--- Exercise ---
The full set of lines below has to be duplicated exactly, with no picture kept.

--- Exercise data ---
◇ ◇ ◇ ◇ ◇ ◇ ◇

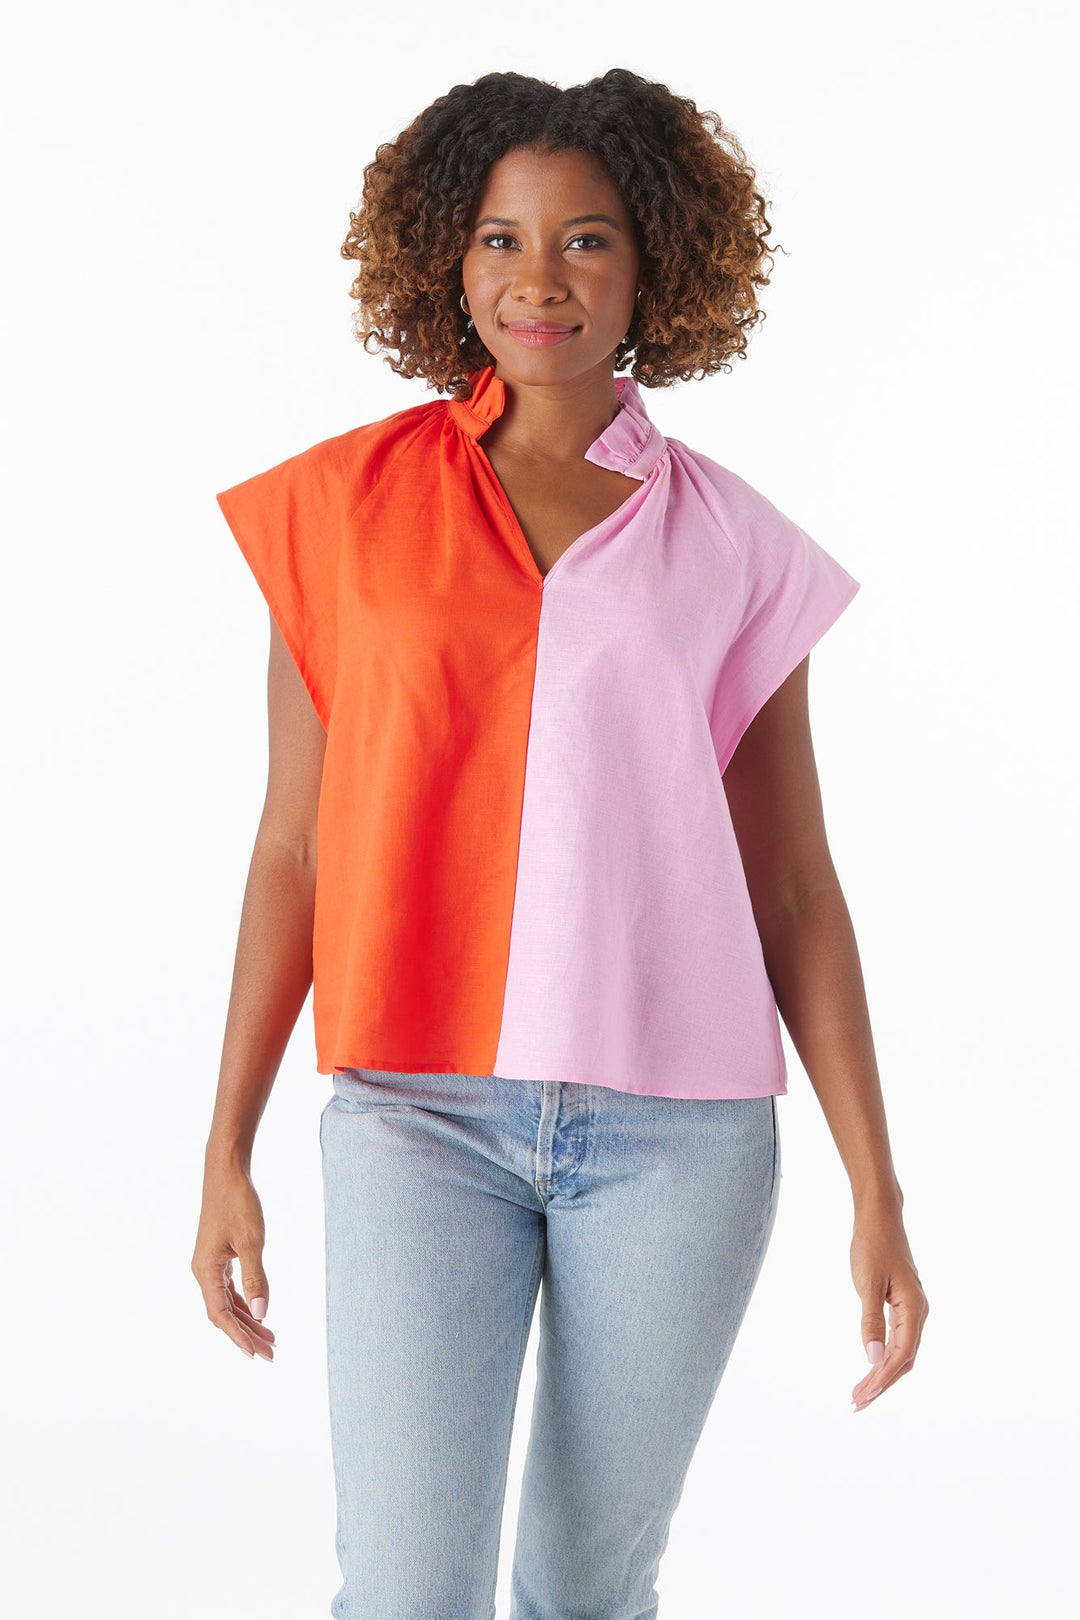 Crosby: Wilkes S/S Top: Lobster Garden rose - Shorely Chic Boutique
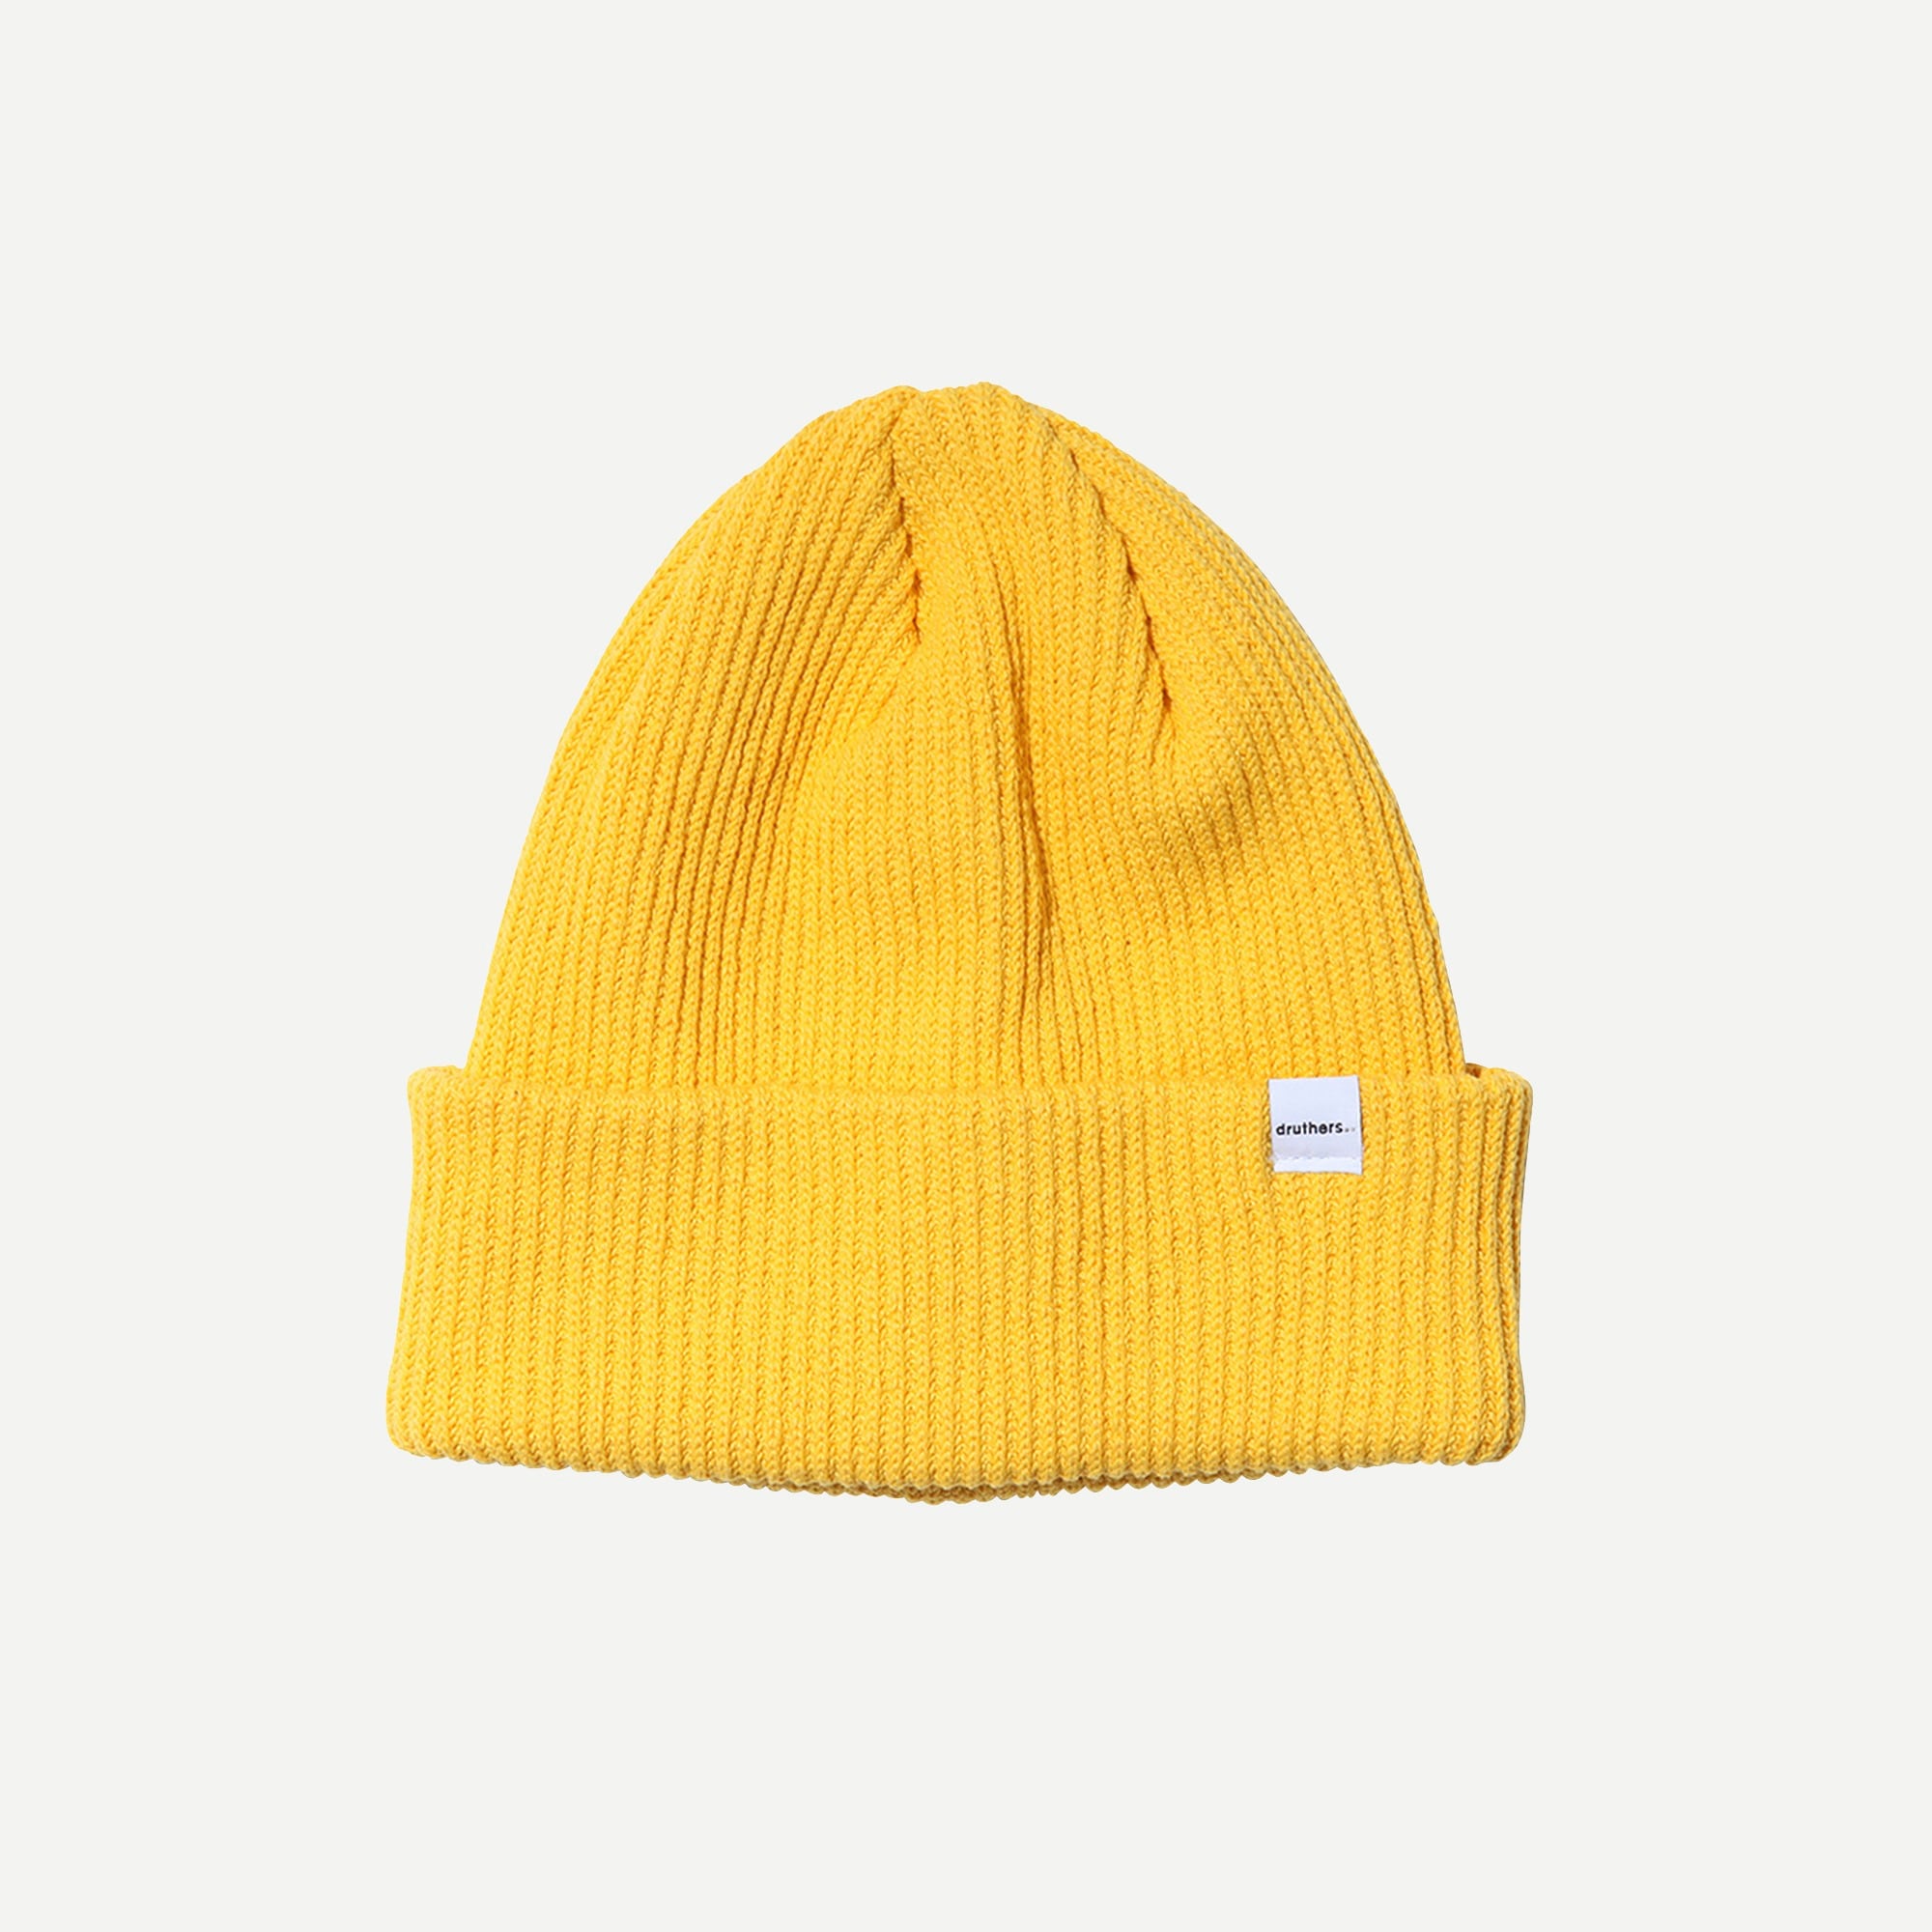  Druthers™ recycled cotton knit beanie
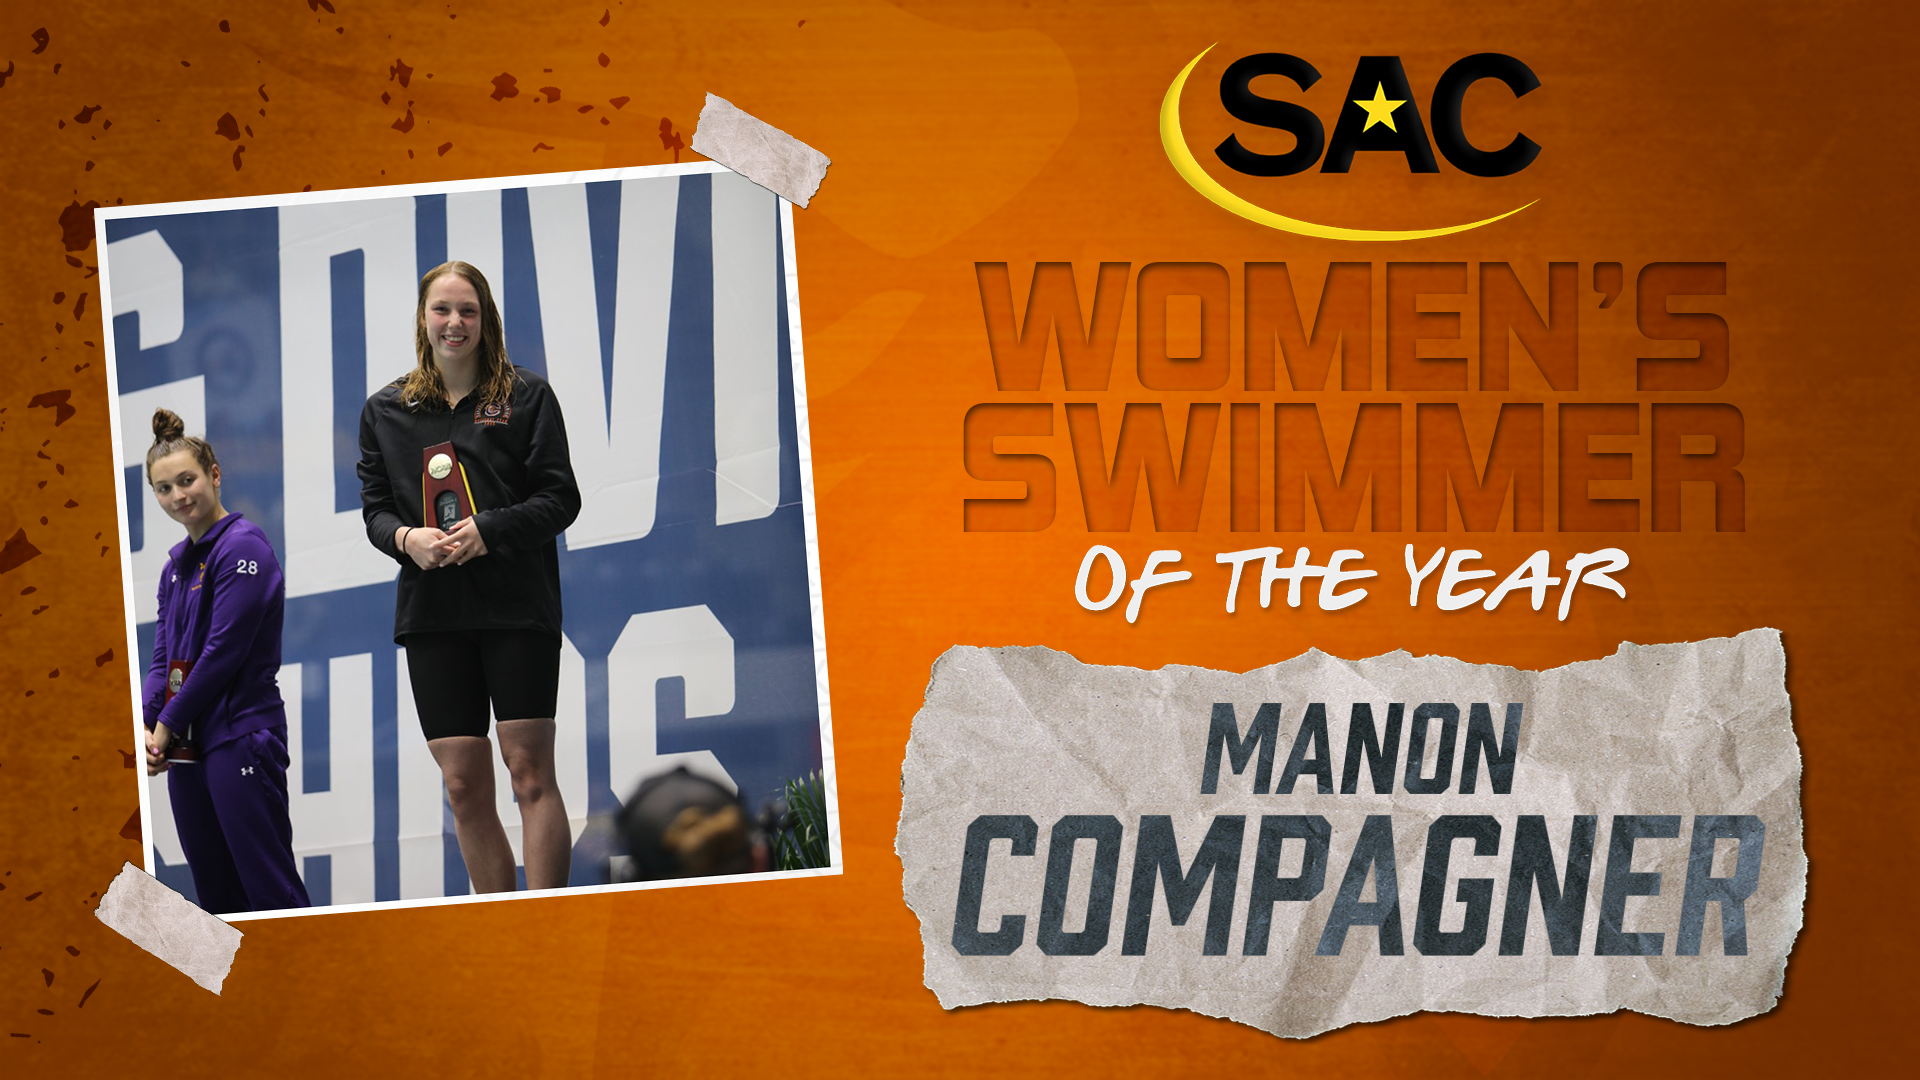 Compagner named SAC Women's Swimmer of the Year

◇ ◇ ◇ ◇ ◇ ◇ ◇

--- The completed task ---
 Crosby: Wilkes S/S Top: Lobster Garden rose - Shorely Chic Boutique
  Druthers™ recycled cotton knit beanie
 Compagner named SAC Women's Swimmer of the Year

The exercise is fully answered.